Forward Testing

Many traders are familiar with the concept of back testing their trading strategy, but often less thought is given to forward testing.

Back testing is straightforward. You take historical tables or charts, pretend that you had been trading at that time using the strategy you are testing, and you see if the results turn out as a profit. Usually this is done with a computer program, in order to deal with the mass of data, and many charting programs include this facility. You can use back testing to refine any variable parameters in your strategy, such as the number of days in a simple moving average, to see what gives you the best result.

This technique seems sensible if not obvious. There can be issues with it however, and using forward testing will help overcome those issues.

One of the main problems is that you can over refine the variables, tweaking them for the absolute maximum, and unknowingly create a strategy that is very specific for the actual historic data, and which fails to accommodate the variability of future price movements. By concentrating on one particular sample of data, you risk making your strategy too limited in its applicability.

This is where forward testing, sometimes called walk-forward testing, can restore some realism to your strategy. The technique is easy to understand. When you set up your back testing, you only use a part of the historical data available to you, and reserve another part for the forward test. The data you have used for back testing is referred to as in-sample data, and the reserved section is out-of-sample data.
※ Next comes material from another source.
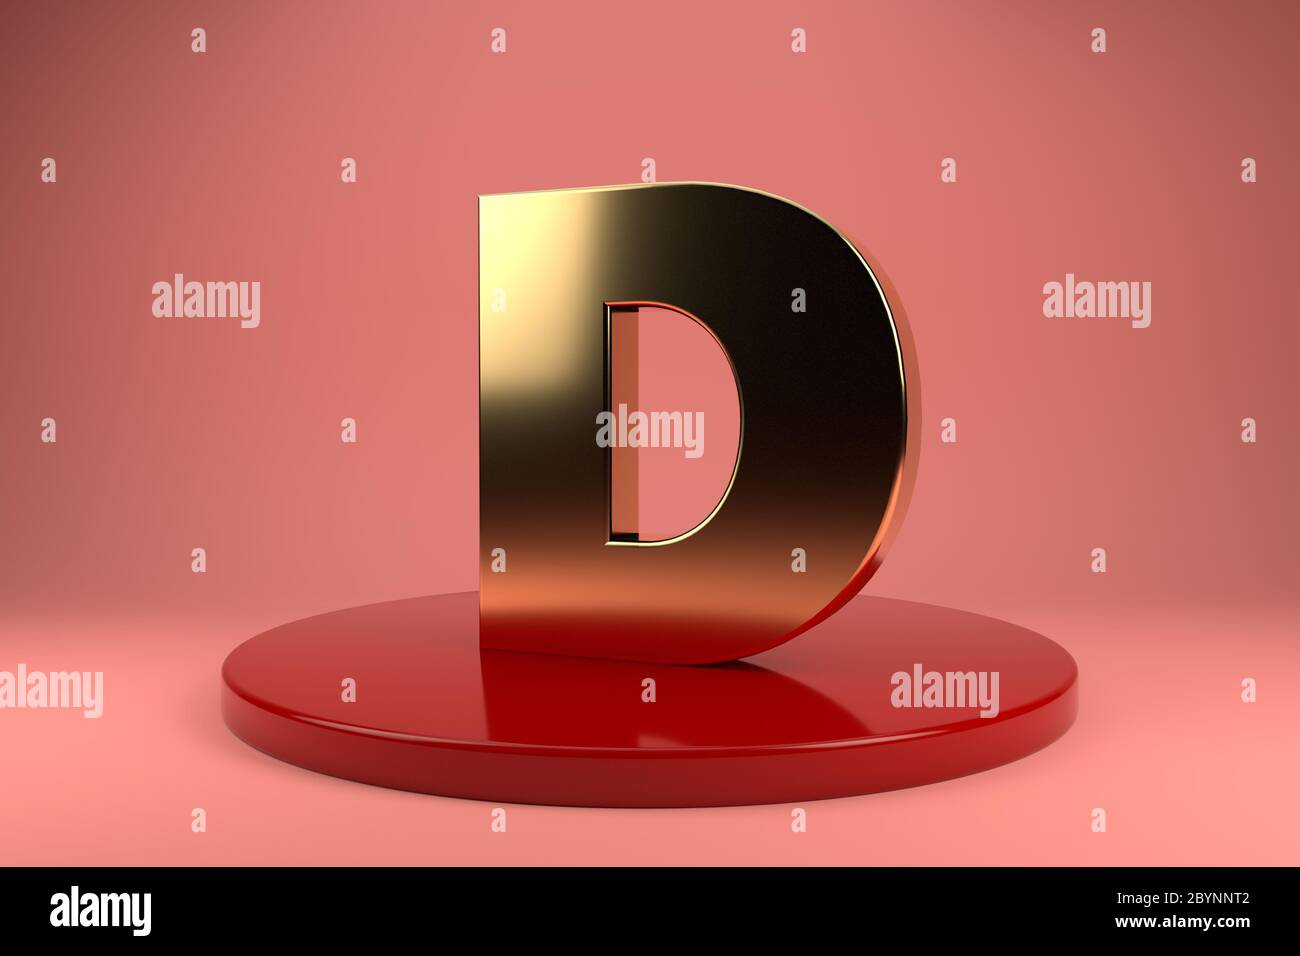 Golden Letter D uppercase wallpaper. 3d rendering. 3d illustrator Stock  Photo - Alamy

Once you have done whatever you wish to your strategy, back testing and optimizing it with the in-sample data, it is time for you to do forward testing. You take your optimized strategy, and in a similar way to back testing you set your computer software to run the strategy on the out-of-sample data. The purpose of this is to validate the strategy works with different market values.
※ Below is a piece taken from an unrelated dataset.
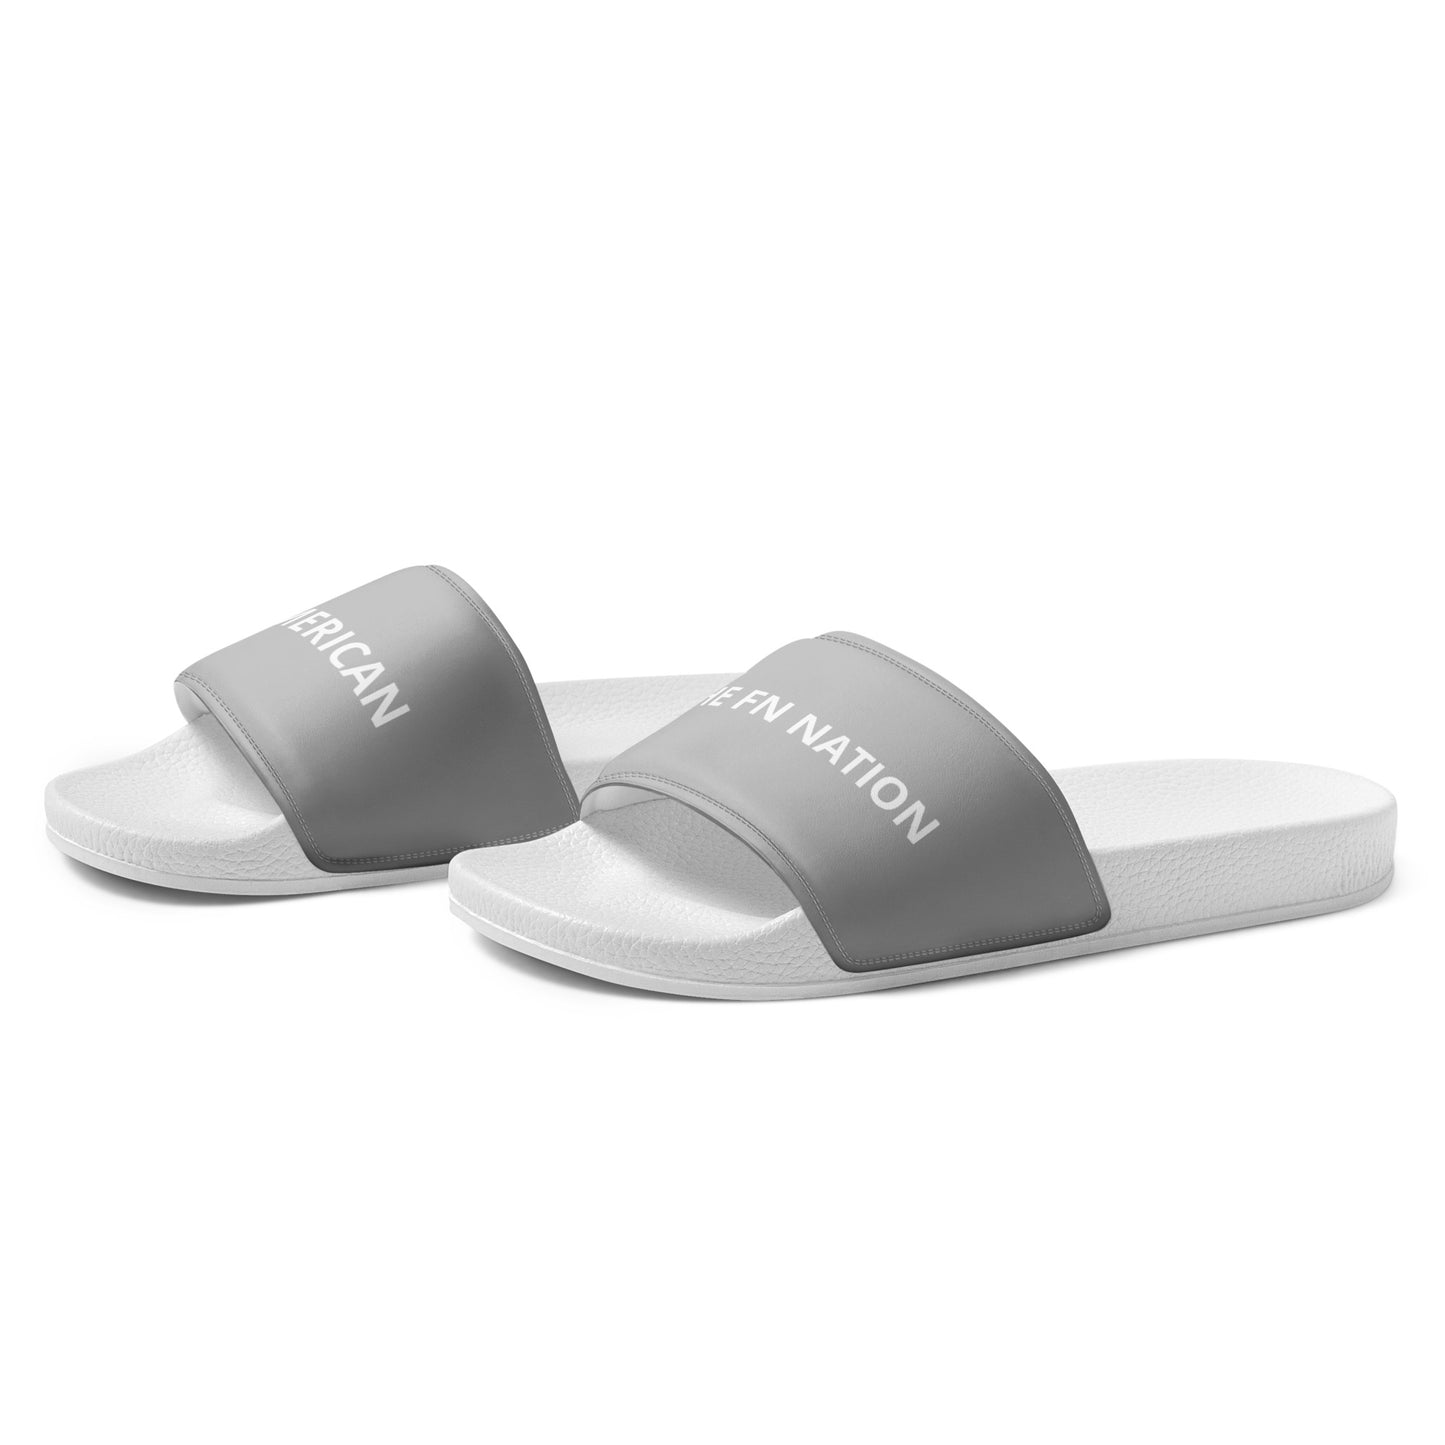 FN UNAMERICAN MEN'S: LAX Slides (white/silver)

Depending on the results, you may choose to adopt this tested strategy in your trading, or realize that you have over optimized and go back to basic development. Whatever you do, you should not try and tweak the variables on the basis of the forward test, because you would simply be optimizing again on a different set of figures, with all the associated consequential problems.

Some computer software is configured to make forward testing simple. It allows you to choose what proportion of your data you will apply to the back test, and reserves the rest for your subsequent test. Some software will even allow you to step through the years, starting at different dates and optimizing the strategy for a couple of years, with the third year applied to forward testing. Performing this task successively is one that is only possible because of computers, and it gives a thorough analysis of the performance of your strategy.

There is another type of forward testing which you may be advised to do before going live with a real account. That is to test truly forward in time, opening a paper or demonstration account and applying your strategy over the coming weeks or months to check on its performance. Many traders choose to forgo this additional check, having spent a significant amount of time developing the strategy in the first place and wanting to get into real trading. It is important that you incorporate some type of forward testing to verify your strategy before going live, and splitting historic data into in-sample and out-of-sample batches is a good way to do this.